A Possibility of Vasospastic Angina after mRNA COVID-19 Vaccination

Department of Cardiovascular Medicine, Toho University Ohashi Medical Center, 2-22-36 Ohashi Meguro-ku, Tokyo 153-8515, Japan
*
Author to whom correspondence should be addressed.
Vaccines 2022, 10(12), 1998; https://doi.org/10.3390/vaccines10121998
Submission received: 24 October 2022 / Revised: 13 November 2022 / Accepted: 23 November 2022 / Published: 24 November 2022
(This article belongs to the Section COVID-19 Vaccines and Vaccination)

Abstract

:
We report a case of vasospastic angina (VSA) following COVID-19 mRNA vaccination. Despite the widespread occurrence of myocarditis, there have been few reports of post-vaccinal VSA. A 41-year-old male patient was referred for chest pain at rest following mRNA vaccination; he had never experienced chest pain prior to vaccination. He was diagnosed by an acetylcholine (Ach) provocation test that showed multivessel vasospasm. After the initiation of treatment with a calcium channel blocker and nitrate, no further exacerbation of chest pain was observed. To our knowledge, this constitutes the first reported case of VSA proven by Ach provocation test after COVID-19 vaccination. The vaccination may increase coronary artery spasticity. VSA should be ruled out in post-vaccine new onset resting chest pain.

1. Introduction

Messenger RNA (mRNA)-based vaccination against COVID-19 is used to combat the spread of the SARS-CoV-2 virus. Cardiovascular diseases, including acute coronary syndrome (ACS) and myocarditis, are the most serious side effects of COVID-19 mRNA vaccination [1,2]. Plausible causes of ACS following vaccination are assumed to be angiotensin-converting enzyme 2 (ACE2) downregulation [3,4,5], inflammatory cytokine [6,7,8,9,10,11], and allergic response [12,13]. Although ACS has been reported many times, vasospastic angina (VSA) is rarely reported after the COVID-19 mRNA vaccine.

2. Case Presentation

A 41-year-old Japanese male smoker with no medical history received the first dose of the mRNA-BNT162b2 COVID-19 vaccine (Pfizer-BioNTech, Cambridge, MA, USA). One week after vaccination, chest pain and palpitations appeared after drinking alcohol; he had no previous documented chest pain prior to his COVID-19 vaccination. His chest pain repeated exacerbations and remissions at rest and he was admitted to our hospital on the 11th day after vaccination.
On admission, his body temperature was 37.2 °C, blood pressure was 126/80 mmHg, heart rate was 98/min, and oxygen saturation was 98% on room air. When he arrived at our hospital, his chest pain was resolved, and his electrocardiogram (ECG) and transthoracic echocardiogram were normal. His blood test results were within normal limits, including creatine kinase (124 IU/L), high-sensitivity cardiac troponin T (0.003 ng/mL), potassium (3.7 mEq/L), creatinine (0.83 mg/dL), and C-reactive protein (0.04 mg/dL) on admission.

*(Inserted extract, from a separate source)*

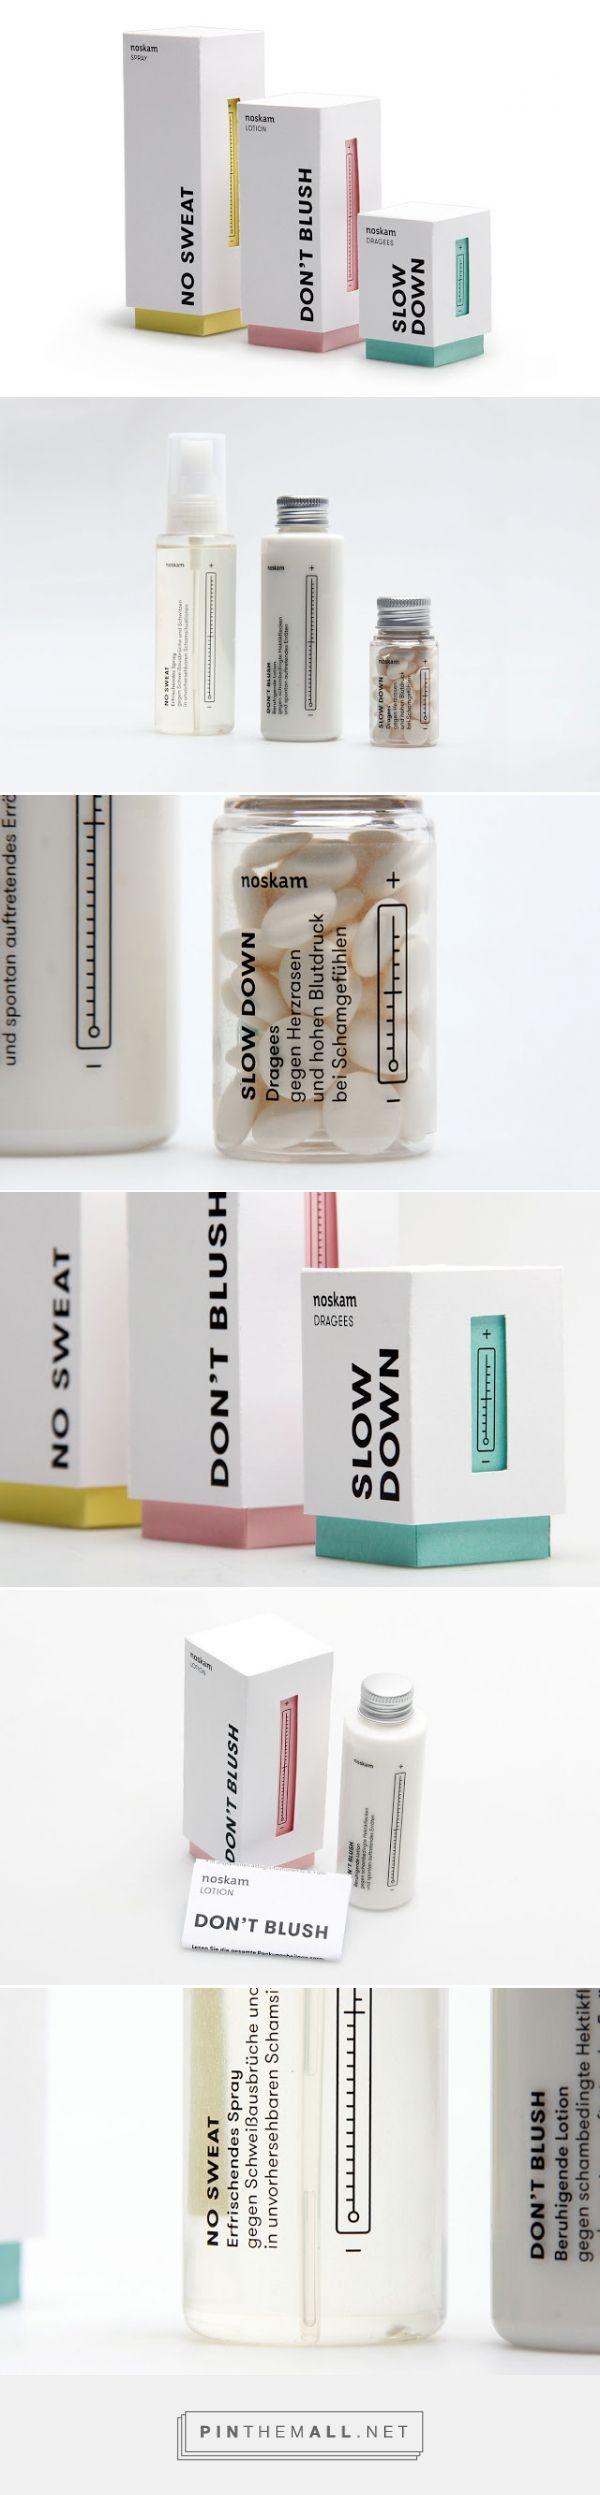 Wedding - Noskam Student Packaging Concept Designed By Muskat (Germany) - Http://www.packagingoftheworld.com/2016/01/noskam-student-project.html... - A Grouped Images Picture

After he developed chest pain at rest and after alcohol consumption, we suspected VSA. Emergency coronary angiography revealed no coronary artery stenosis. However, the acetylcholine (Ach) provocation test showed multivessel vasospasm with chest pain (left coronary artery (LCA), segments #7 99% stenosis and #12 total occlusion at 100 µg dose into LCA) with ST elevation in ECG leads I, aVL and large T wave in leads V1–V4 (Figure 1A–E). He was diagnosed with VSA because his findings fulfilled all criteria (i) reproduction of the usual chest pain, (ii) ischemic ECG changes, and (iii) 90% vasoconstriction on angiography.
Therefore, we initiated a calcium channel blocker (CCB) with nitrate and he was discharged the next day. Antibody titers of various viruses, including SARS-CoV-2, were negative. After the initiation of treatment with a CCB and nitrate, no further exacerbation of chest pain was observed.

3. Discussion

To our knowledge, this constitutes the first reported case of VSA proven by Ach provocation test after COVID-19 vaccination. He was diagnosed with VSA because his Ach provocation test findings fulfilled all criteria: (i) reproduction of the usual chest pain, (ii) ischemic ECG changes, and (iii) 90% vasoconstriction on angiography [14]. Additionally, after the initiation of treatment with a CCB and nitrate, no further exacerbation of chest pain was observed.
Chest discomfort is present in 3% of cases after receiving the mRNA vaccine [15]. Myocarditis, acute coronary syndrome, and VSA have been reported as potential causes of chest pain associated with mRNA vaccination against COVID-19 [1,2]. However, reported cases of VSA following the COVID-19 mRNA vaccine are scarce and the true incidence remains unknown. Acute coronary syndromes (ACS) and angina pectoris in the elderly are reported to often present as atypical chest pain and more cardiac failure [16,17]. Therefore, it is important not to rule out ACS or angina even in the presence of atypical chest pain after vaccination in the elderly. Notably, a flowchart of the differential diagnoses of chest discomfort and palpitation after COVID-19 vaccination has been reported [18].
Regarding the relationship between vaccination and VSA, several mechanisms may induce VSA. The spike protein of the SARS-CoV-2 virus or the mRNA component of the vaccine binds to the angiotensin-converting enzyme 2 (ACE2) receptor, which leads to the downregulation of ACE2 (Figure 2) [3,4]. ACE2 converts the potent vasoconstrictor angiotensin II (AngII) to the vasodilator angiotensin 1–7. Hence, the downregulation of ACE2 activates AngII, which leads to vasoconstriction and also produces interleukin (IL)-6 [3,5]. Various inflammatory stimuli, including AngII and IL-6, upregulate the activity of Rho-kinase. The activation of Rho-kinase plays a central role in coronary artery spasms caused by the hypercontraction of vascular smooth muscle cells (Figure 2) [19].
Other plausible mechanisms are the involvement of inflammatory cytokines and allergic reactions. While lipid nanoparticles (LNPs) play an important role as a delivery system for mRNA vaccines, cationic lipids in LNPs themselves reportedly cause inflammatory cytokines such as interleukin (IL)-6 and IL-1β (Figure 2) [7,8,9]. The IL6 genotype has been reported to affect the prevalence of VSA [10]. Four post-mRNA vaccine autopsy cases have recently been reported to express genes that upregulate inflammatory cytokine signaling compared with controls [6]. Inflammatory cytokines inhibit endothelial nitric oxide and increase Rho-kinase activity, causing coronary artery spasms (Figure 2) [11,19].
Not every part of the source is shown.